**PROBLEM TO WORK ON:** Only the lines of the data below from the one with "カテナ有名な複雑なアクア?デッレ?エルバ Home Fragrance" through the one with "смотреть космические онлайн" are wanted. Repeat them exactly.
======== INFORMATION SHOWN
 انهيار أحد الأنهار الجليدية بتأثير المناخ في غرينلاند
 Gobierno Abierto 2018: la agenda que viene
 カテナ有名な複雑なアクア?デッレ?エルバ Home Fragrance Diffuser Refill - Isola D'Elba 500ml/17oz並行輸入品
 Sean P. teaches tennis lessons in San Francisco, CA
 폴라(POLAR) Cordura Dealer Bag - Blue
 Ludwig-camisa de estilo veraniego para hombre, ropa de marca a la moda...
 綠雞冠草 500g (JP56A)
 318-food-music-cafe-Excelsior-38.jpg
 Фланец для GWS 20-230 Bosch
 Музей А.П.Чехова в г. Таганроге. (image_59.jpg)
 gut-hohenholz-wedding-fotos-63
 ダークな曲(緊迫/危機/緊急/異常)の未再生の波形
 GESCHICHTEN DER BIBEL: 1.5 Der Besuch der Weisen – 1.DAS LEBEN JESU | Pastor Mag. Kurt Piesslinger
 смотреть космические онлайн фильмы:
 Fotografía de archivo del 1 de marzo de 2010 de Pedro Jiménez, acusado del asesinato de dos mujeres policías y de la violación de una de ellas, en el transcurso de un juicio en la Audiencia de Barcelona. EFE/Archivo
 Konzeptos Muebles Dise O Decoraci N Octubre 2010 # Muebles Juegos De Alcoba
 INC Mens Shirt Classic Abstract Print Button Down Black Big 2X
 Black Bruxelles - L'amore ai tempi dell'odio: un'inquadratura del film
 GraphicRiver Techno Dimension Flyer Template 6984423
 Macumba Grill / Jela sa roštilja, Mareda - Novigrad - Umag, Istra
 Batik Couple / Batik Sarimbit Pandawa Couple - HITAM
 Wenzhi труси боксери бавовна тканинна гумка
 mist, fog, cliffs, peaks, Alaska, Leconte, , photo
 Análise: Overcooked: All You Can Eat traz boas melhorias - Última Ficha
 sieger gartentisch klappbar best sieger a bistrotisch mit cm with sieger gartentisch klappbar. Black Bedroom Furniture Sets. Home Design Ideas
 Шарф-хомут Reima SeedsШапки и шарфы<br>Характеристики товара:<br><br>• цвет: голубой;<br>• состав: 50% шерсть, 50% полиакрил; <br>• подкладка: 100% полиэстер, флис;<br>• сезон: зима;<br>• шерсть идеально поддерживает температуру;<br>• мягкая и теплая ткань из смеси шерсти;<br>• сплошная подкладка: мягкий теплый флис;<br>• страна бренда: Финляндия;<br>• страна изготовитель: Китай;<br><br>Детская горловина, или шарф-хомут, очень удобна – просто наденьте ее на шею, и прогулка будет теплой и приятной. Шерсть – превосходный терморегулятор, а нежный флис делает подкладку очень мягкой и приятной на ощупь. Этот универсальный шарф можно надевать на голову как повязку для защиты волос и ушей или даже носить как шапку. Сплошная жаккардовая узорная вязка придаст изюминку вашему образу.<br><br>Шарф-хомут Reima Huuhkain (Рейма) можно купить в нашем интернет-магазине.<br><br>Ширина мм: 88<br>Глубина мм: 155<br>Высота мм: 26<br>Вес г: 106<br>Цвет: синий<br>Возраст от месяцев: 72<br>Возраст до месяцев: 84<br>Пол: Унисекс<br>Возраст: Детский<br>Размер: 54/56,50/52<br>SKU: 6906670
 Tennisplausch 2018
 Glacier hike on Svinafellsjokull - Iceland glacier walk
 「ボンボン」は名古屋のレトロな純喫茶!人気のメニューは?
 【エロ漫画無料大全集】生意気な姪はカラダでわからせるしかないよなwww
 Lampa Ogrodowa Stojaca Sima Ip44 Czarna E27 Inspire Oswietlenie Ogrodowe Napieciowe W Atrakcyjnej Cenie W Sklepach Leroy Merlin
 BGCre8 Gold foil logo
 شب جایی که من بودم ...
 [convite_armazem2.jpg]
================
**EXPECTED OUTPUT:**
 カテナ有名な複雑なアクア?デッレ?エルバ Home Fragrance Diffuser Refill - Isola D'Elba 500ml/17oz並行輸入品
 Sean P. teaches tennis lessons in San Francisco, CA
 폴라(POLAR) Cordura Dealer Bag - Blue
 Ludwig-camisa de estilo veraniego para hombre, ropa de marca a la moda...
 綠雞冠草 500g (JP56A)
 318-food-music-cafe-Excelsior-38.jpg
 Фланец для GWS 20-230 Bosch
 Музей А.П.Чехова в г. Таганроге. (image_59.jpg)
 gut-hohenholz-wedding-fotos-63
 ダークな曲(緊迫/危機/緊急/異常)の未再生の波形
 GESCHICHTEN DER BIBEL: 1.5 Der Besuch der Weisen – 1.DAS LEBEN JESU | Pastor Mag. Kurt Piesslinger
 смотреть космические онлайн фильмы:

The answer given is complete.